TASK STATEMENT: Repeat the data word for word and skip the pictures.

Start of MATERIAL PROVIDED

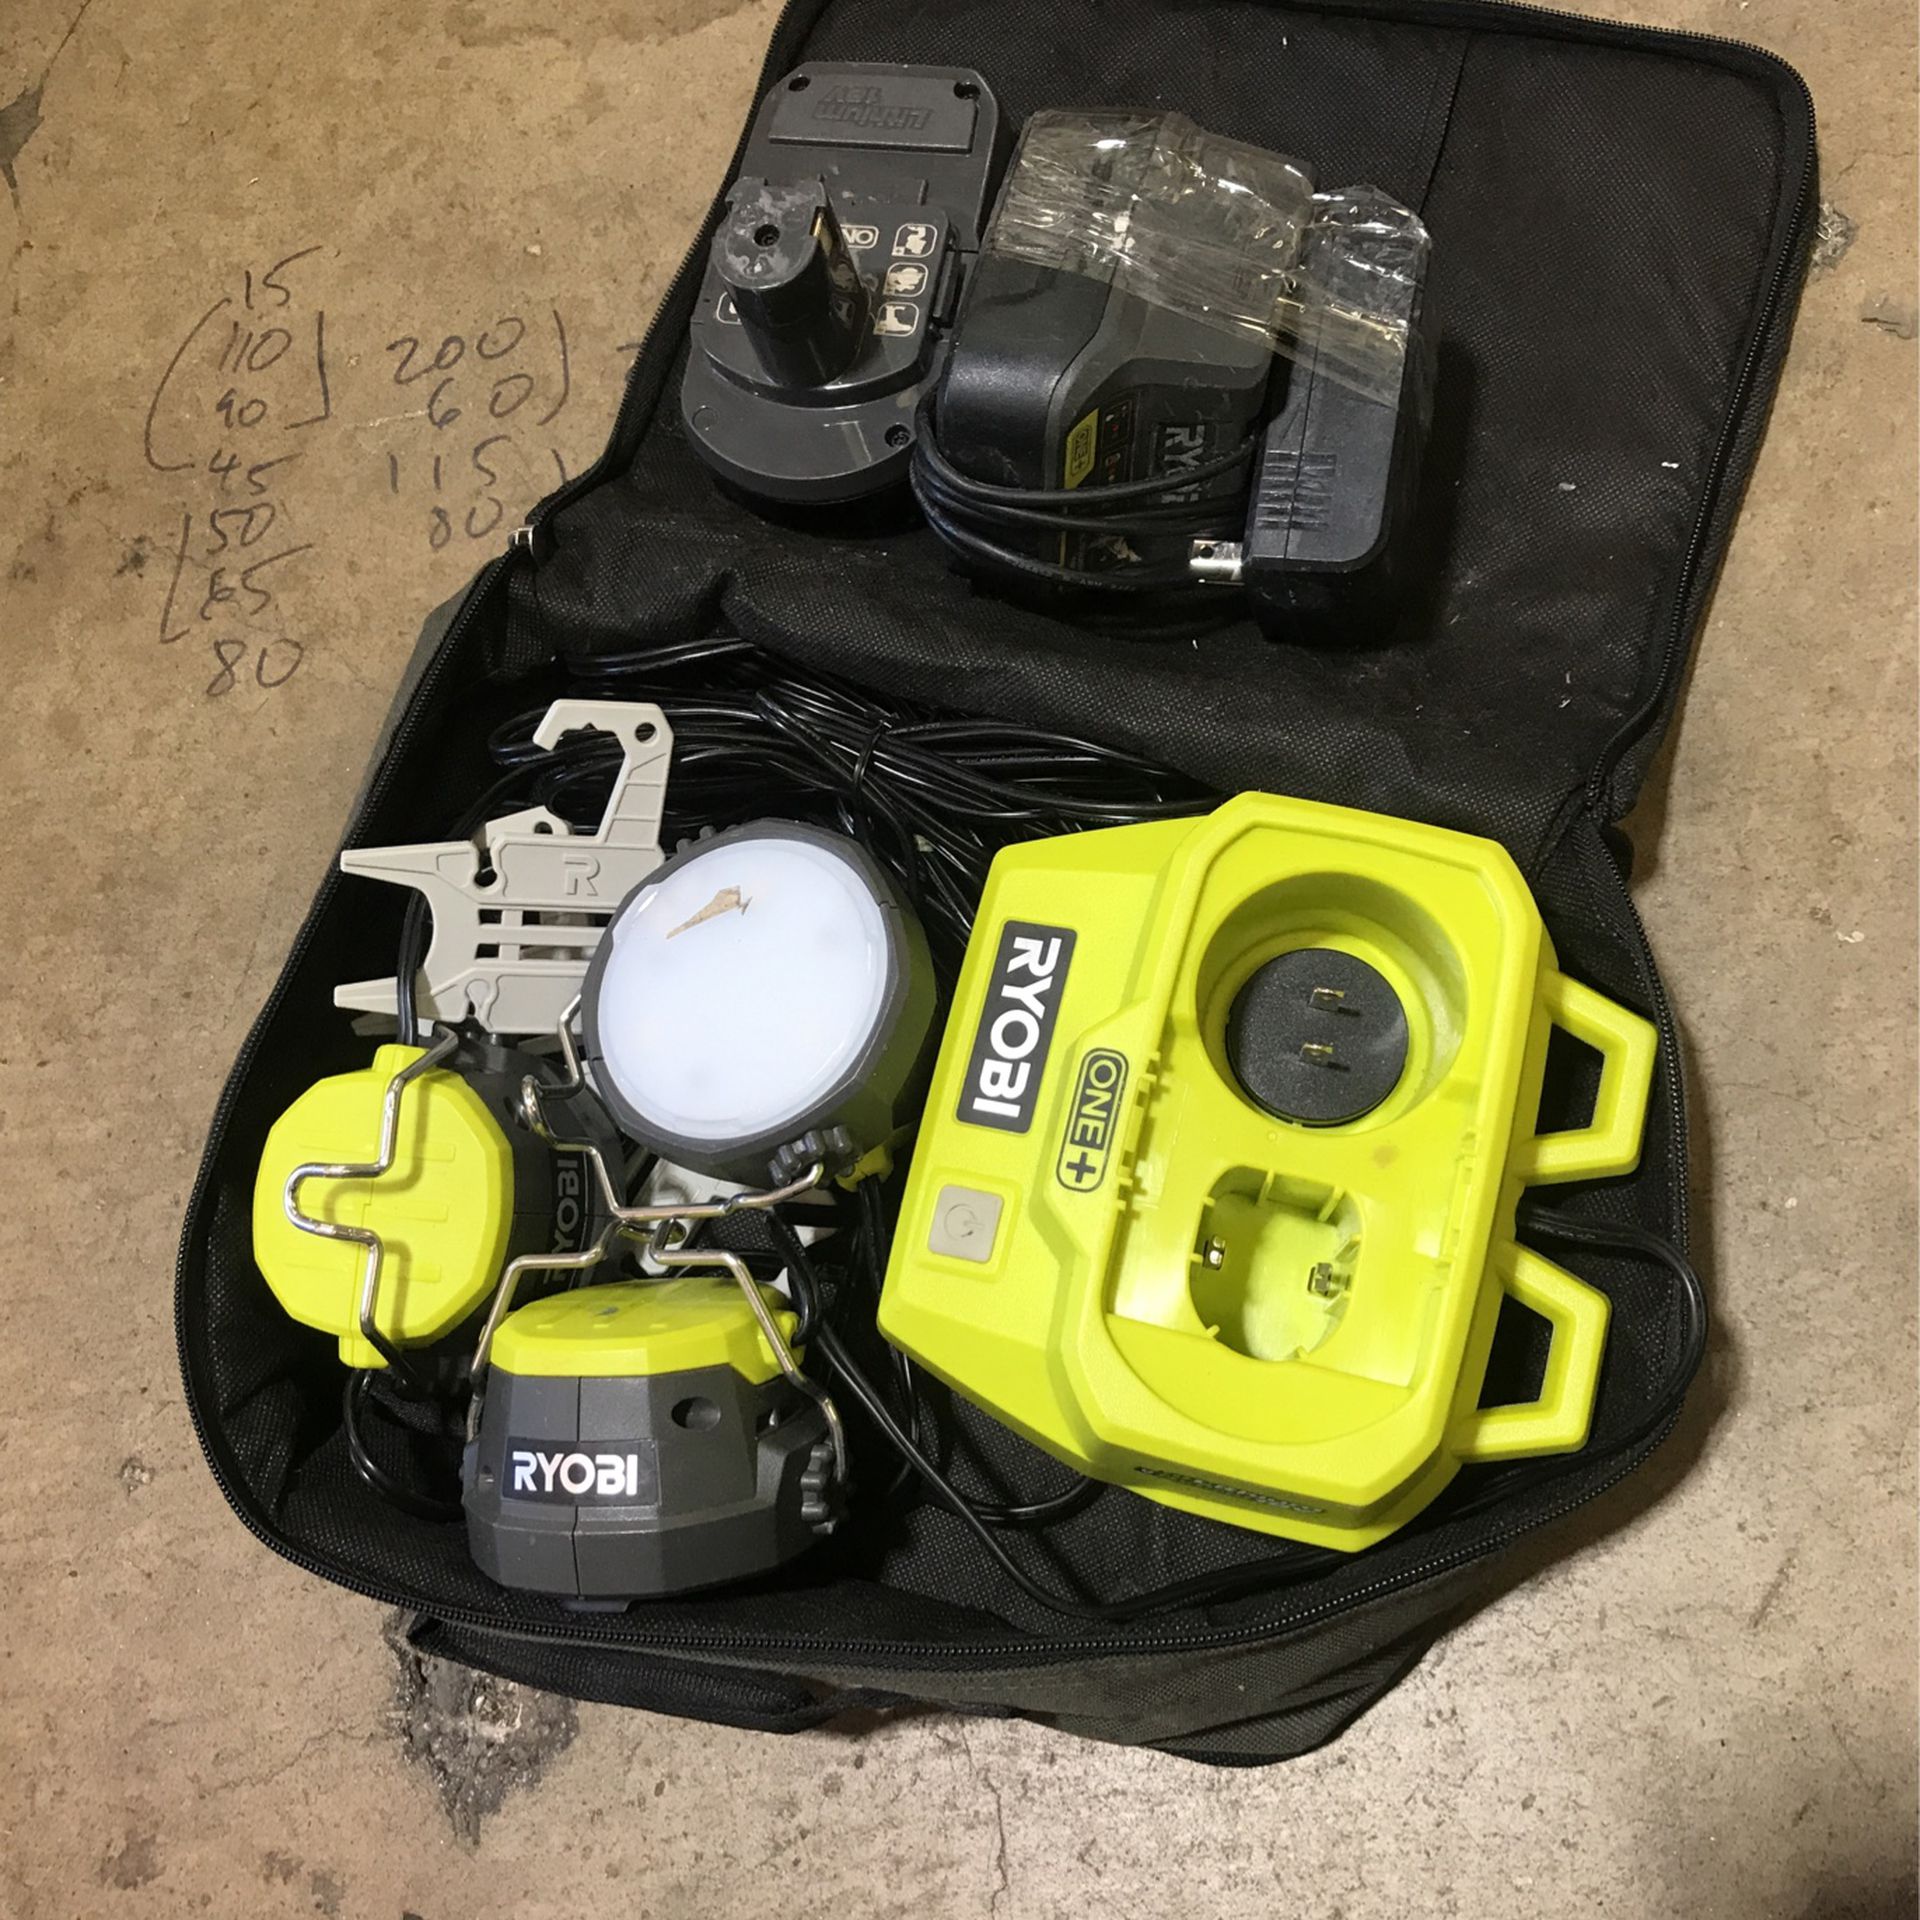 Ryobi Light With Battery And Charger
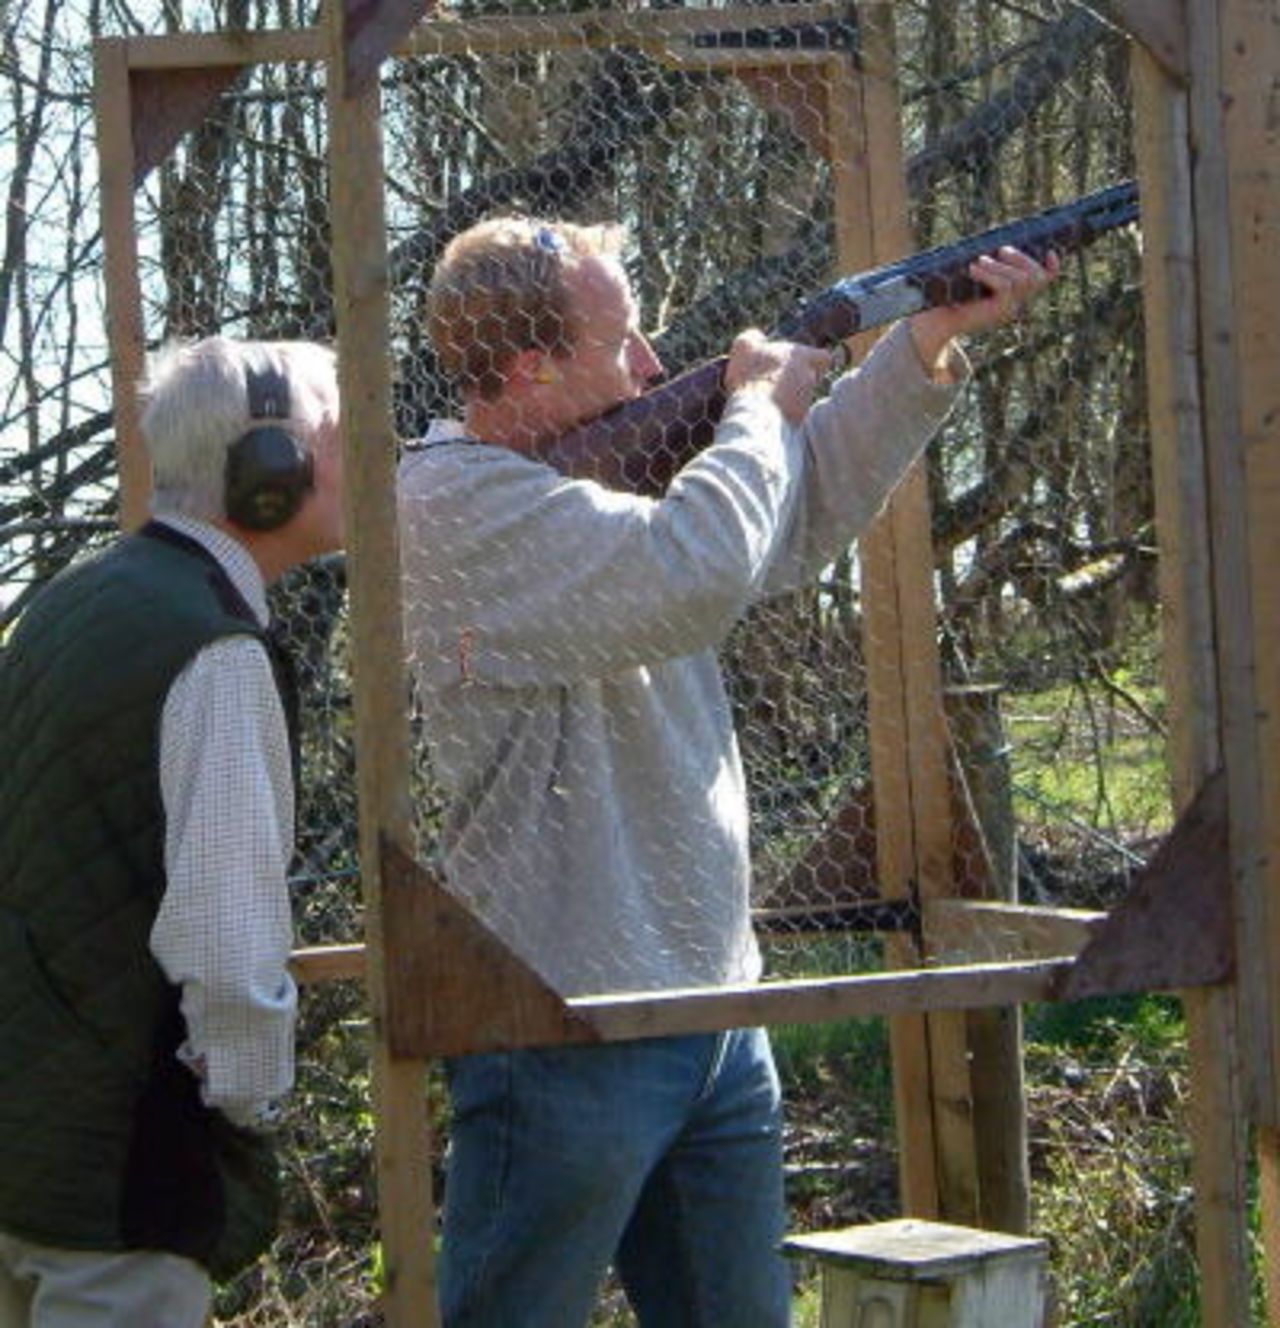 Will Kendall in action as Hampshire players take on clay pigeon shooting
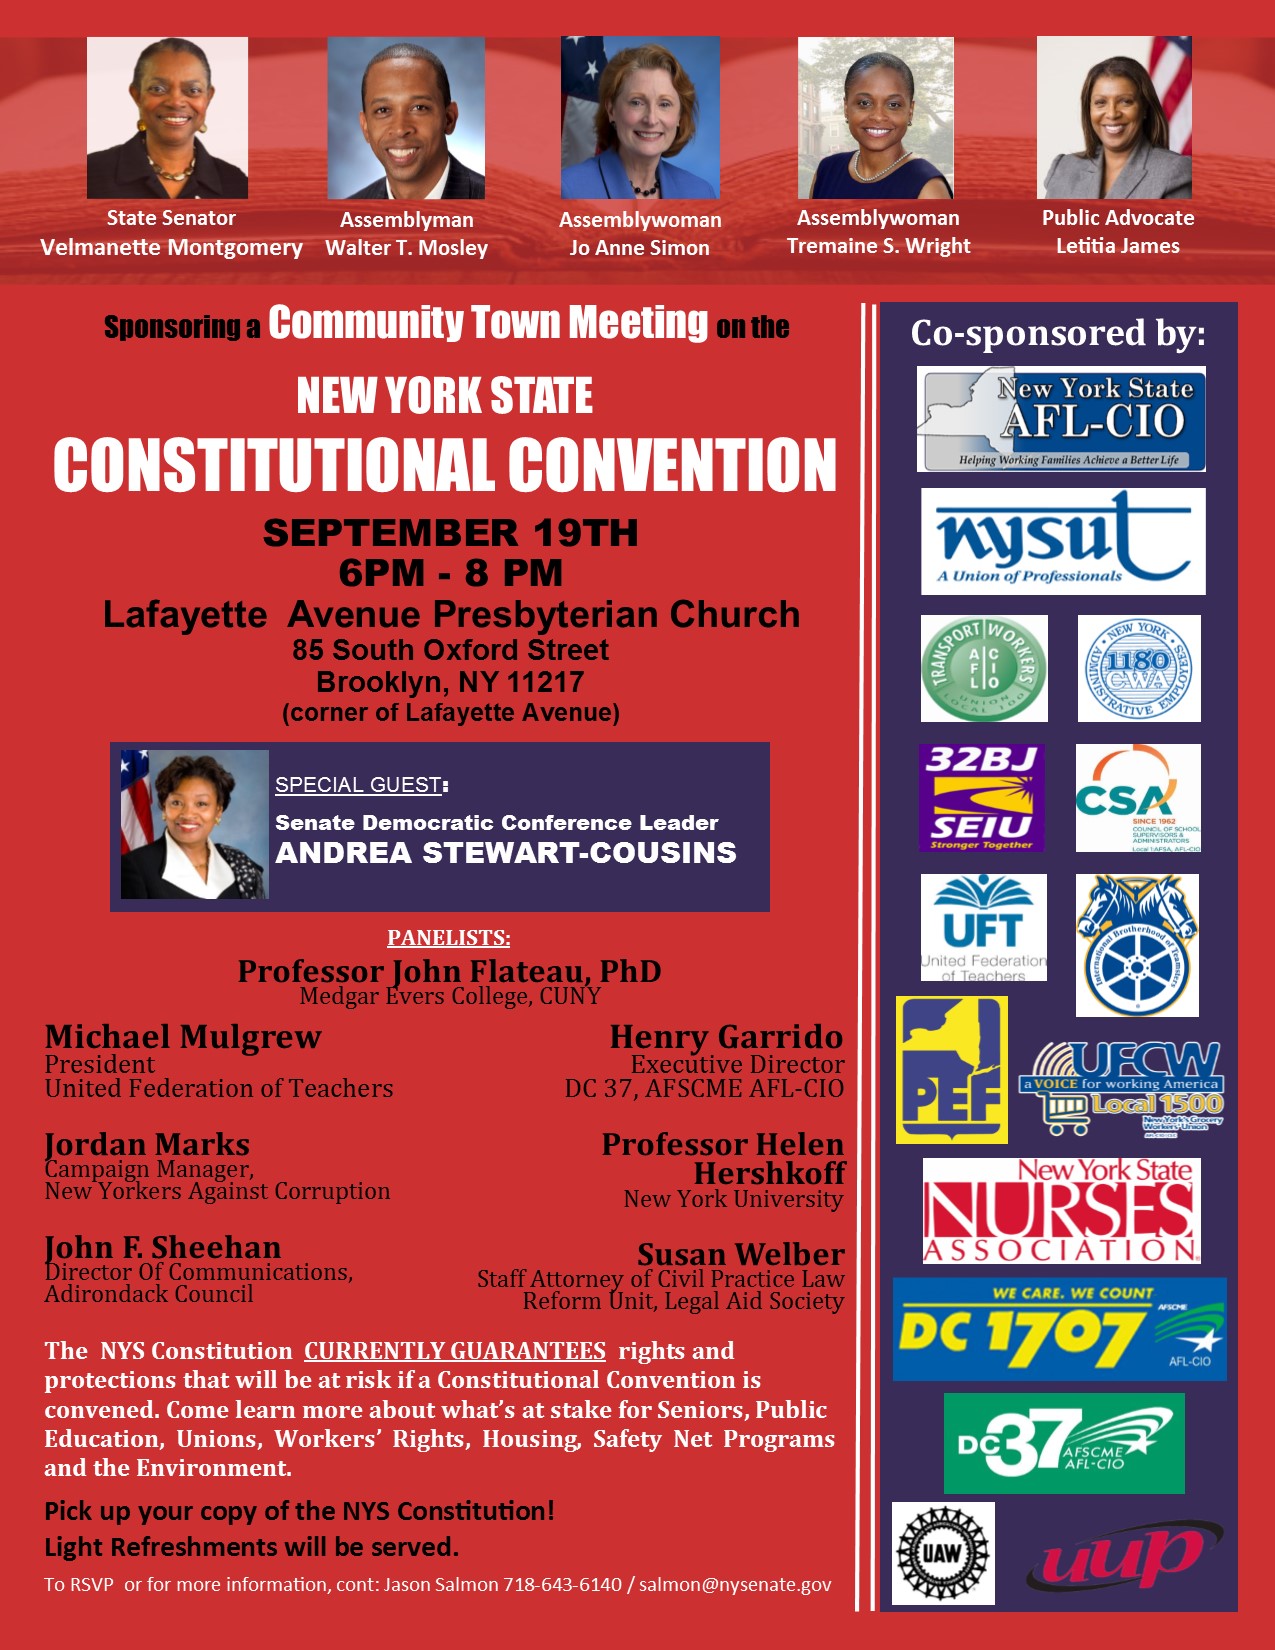 9-13-17_updated_constitutional_convention_flyer_with_leader_and_pef_logo.jpg
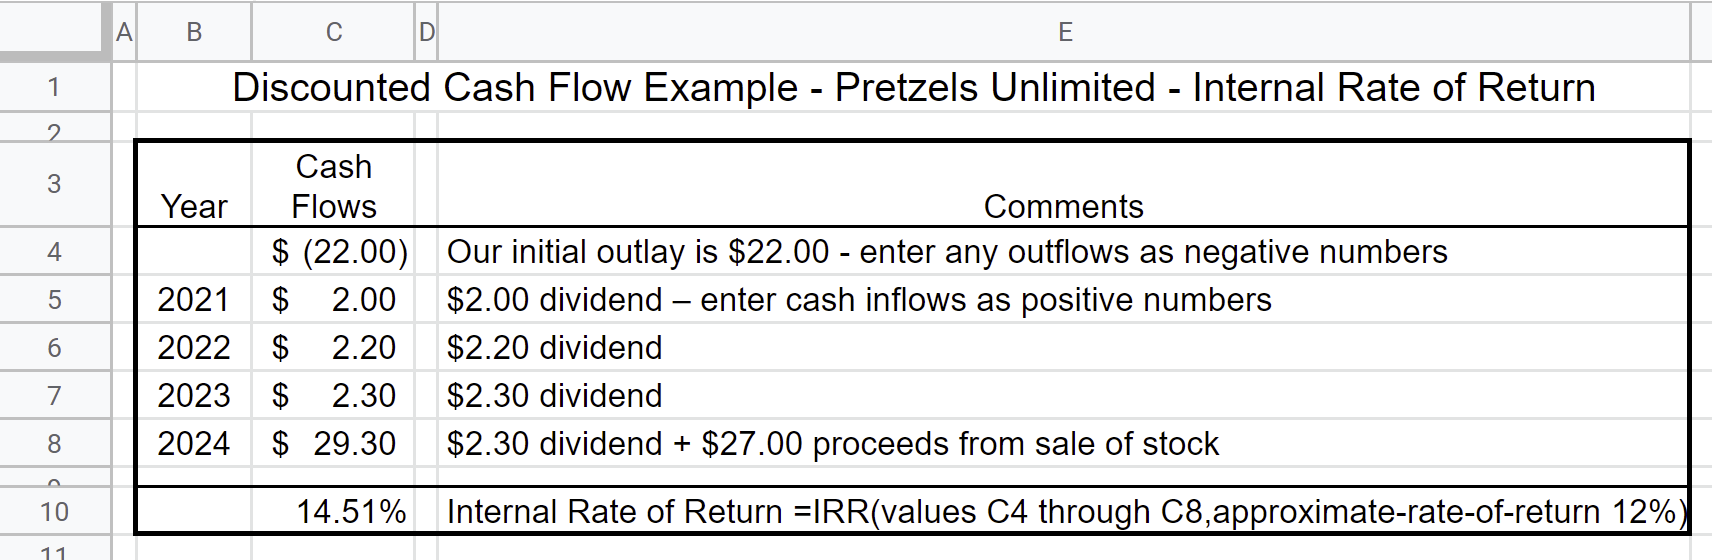 Electronic spreadsheet that will calculate the Internal Rate of Return (IRR) automatically

End of MATERIAL PROVIDED

WRITTEN SOLUTION:
 Ryobi Light With Battery And Charger
 Will Kendall in action as Hampshire players take on clay pigeon shooting
 9-13-17_updated_constitutional_convention_flyer_with_leader_and_pef_logo.jpg
 Electronic spreadsheet that will calculate the Internal Rate of Return (IRR) automatically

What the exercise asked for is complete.